Highest overall severity: Medium


Summary:

When a dashboard is configured with a button to go to another sheet, the target sheet permissions are ignored for the current user. This scenario may occur if the workbook has been configured to "Hide Tabs," which sets explicit view permissions, rather than inheriting permissions from the workbook.


Impact:

A user that has access to a dashboard can also navigate to a sheet within that workbook, that they may not have access to.

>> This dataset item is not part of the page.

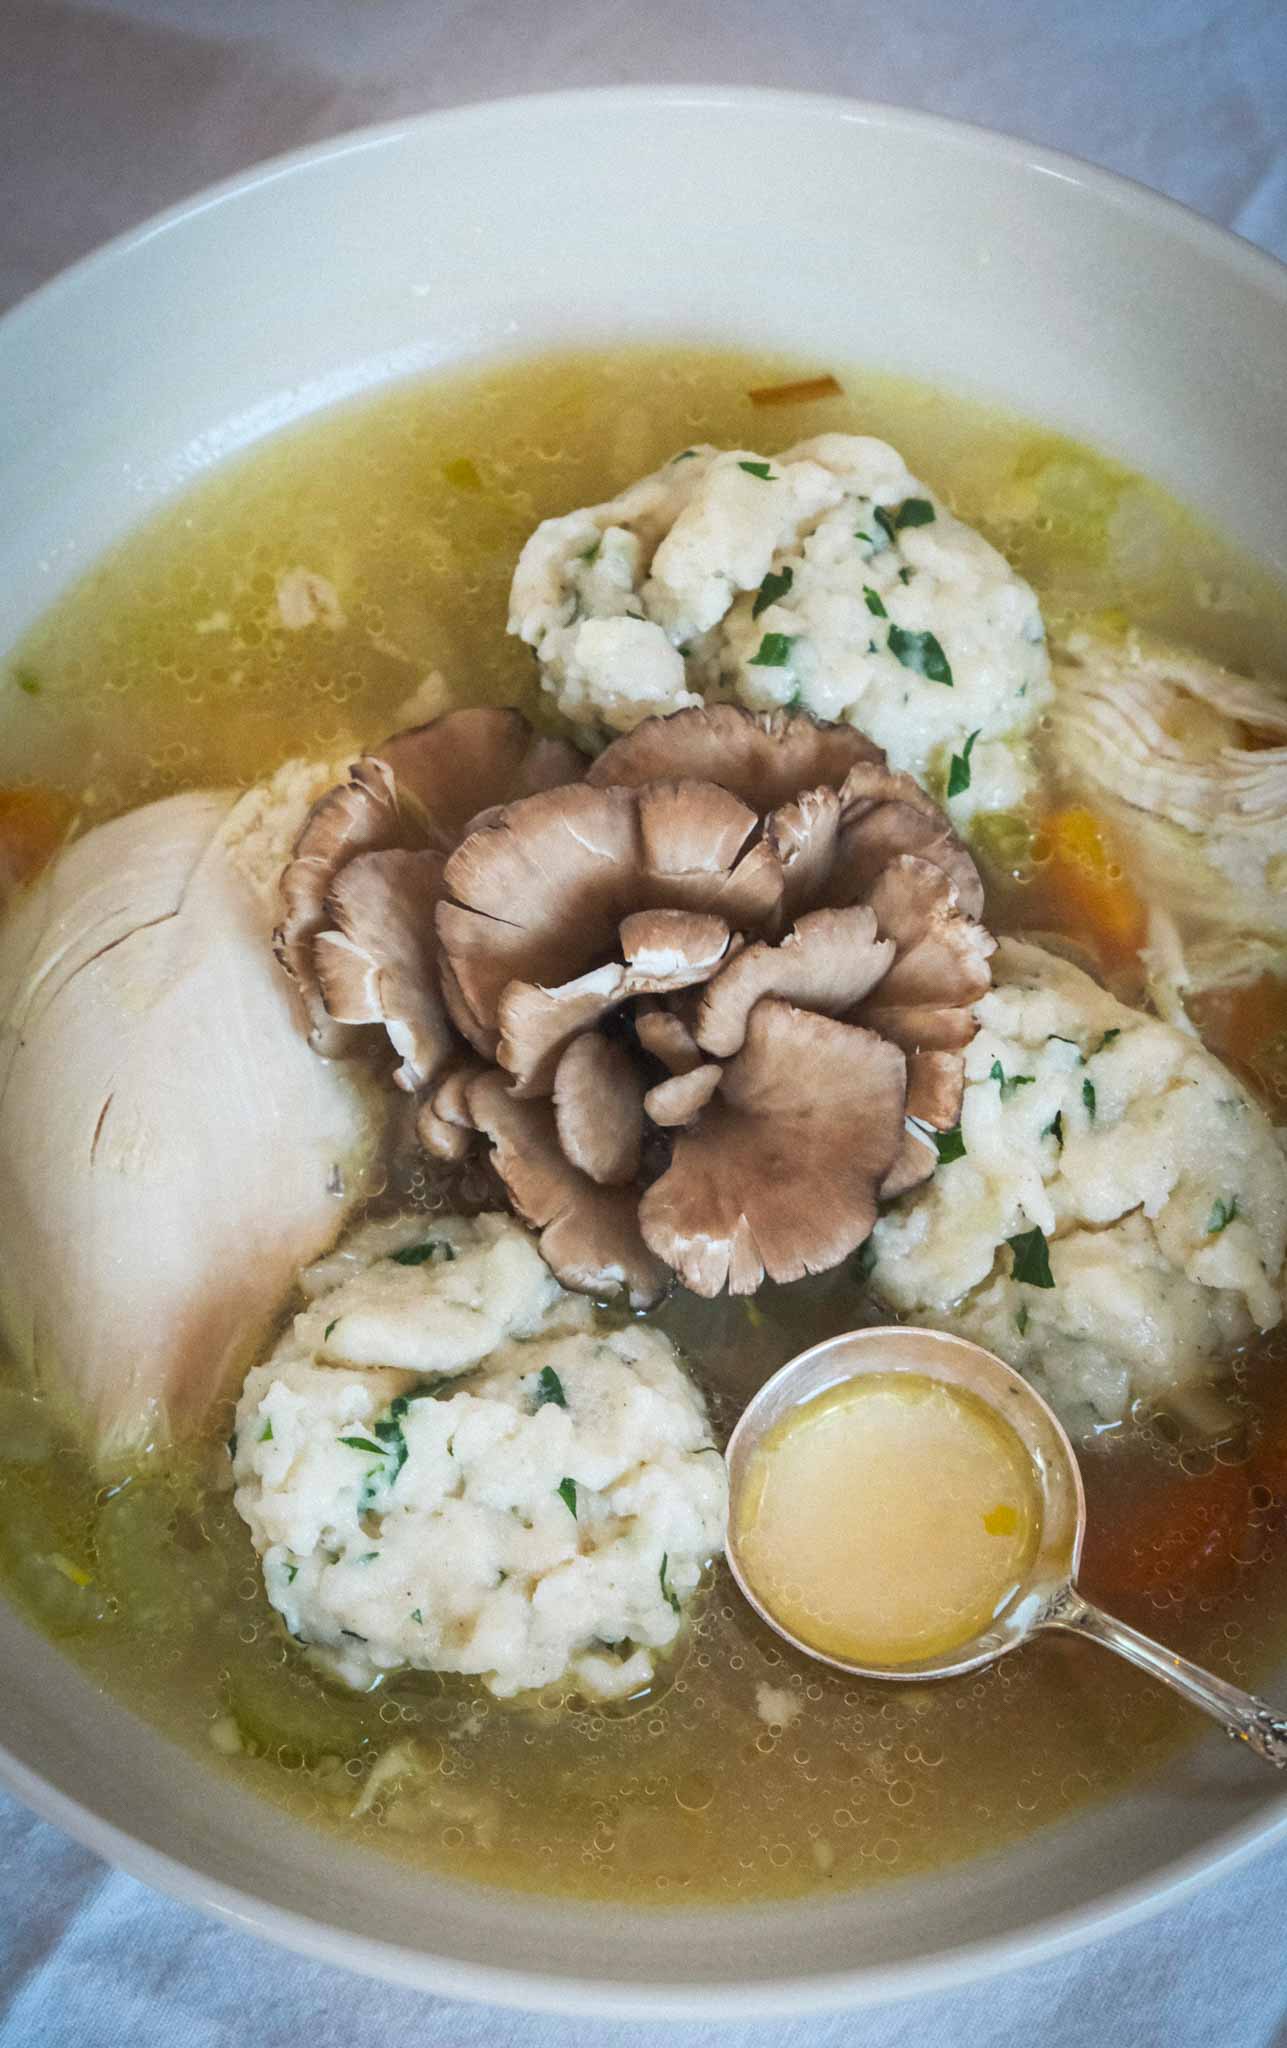 chicken and dumplings recipe

Products and Versions: Tableau Server | Tableau Desktop | Tableau Bridge | Tableau Prep | Tableau Reader | Tableau Mobile | Tableau Public Desktop
*Versions that are no longer supported are not tested and may be vulnerable.


Tableau Server

Severity: Medium
CVSS3 Score: AV:N/AC:H/PR:L/UI:N/S:U/C:H/I:N/A:N - 5.3 Medium
Product Specific Notes: None.

Vulnerable versions:

  • Tableau Server on Linux 2018.3.0 through 2018.3.14
  • Tableau Server on Linux 2019.1.0 through 2019.1.12
  • Tableau Server on Linux 2019.2.0 through 2019.2.8
  • Tableau Server on Linux 2019.3.0 through 2019.3.4
  • Tableau Server on Linux 2019.4.0 through 2019.4.3
  • Tableau Server on Linux 2020.1.0 through 2020.1.1

  • Tableau Server on Windows 2018.3.0 through 2018.3.14
  • Tableau Server on Windows 2019.1.0 through 2019.1.12
  • Tableau Server on Windows 2019.2.0 through 2019.2.8
  • Tableau Server on Windows 2019.3.0 through 2019.3.4
  • Tableau Server on Windows 2019.4.0 through 2019.4.3
  • Tableau Server on Windows 2020.1.0 through 2020.1.1


Resolved in versions:

  • Tableau Server on Linux 2018.3.15
  • Tableau Server on Linux 2019.1.13
  • Tableau Server on Linux 2019.2.9
  • Tableau Server on Linux 2019.3.5
  • Tableau Server on Linux 2019.4.4
  • Tableau Server on Linux 2020.1.2

  • Tableau Server on Windows 2018.3.15
  • Tableau Server on Windows 2019.1.13
  • Tableau Server on Windows 2019.2.9
  • Tableau Server on Windows 2019.3.5
  • Tableau Server on Windows 2019.4.4
  • Tableau Server on Windows 2020.1.2


Tableau Desktop (Back to top of page)

Severity: N/A
CVSS3 Score: N/A
Product Specific Notes: Not affected.


Tableau Bridge (Back to top of page)

Severity: N/A
CVSS3 Score: N/A
Product Specific Notes: Not affected.


Tableau Prep (Back to top of page)

Severity: N/A
CVSS3 Score: N/A
Product Specific Notes: Not affected.


Tableau Reader (Back to top of page)

Severity: N/A
CVSS3 Score: N/A
Product Specific Notes: Not affected.


Tableau Mobile (Back to top of page)

Severity: N/A
CVSS3 Score: N/A
Product Specific Notes: Not affected.


Tableau Public Desktop (Back to top of page)

Severity: N/A
CVSS3 Score: N/A
Product Specific Notes: Not affected.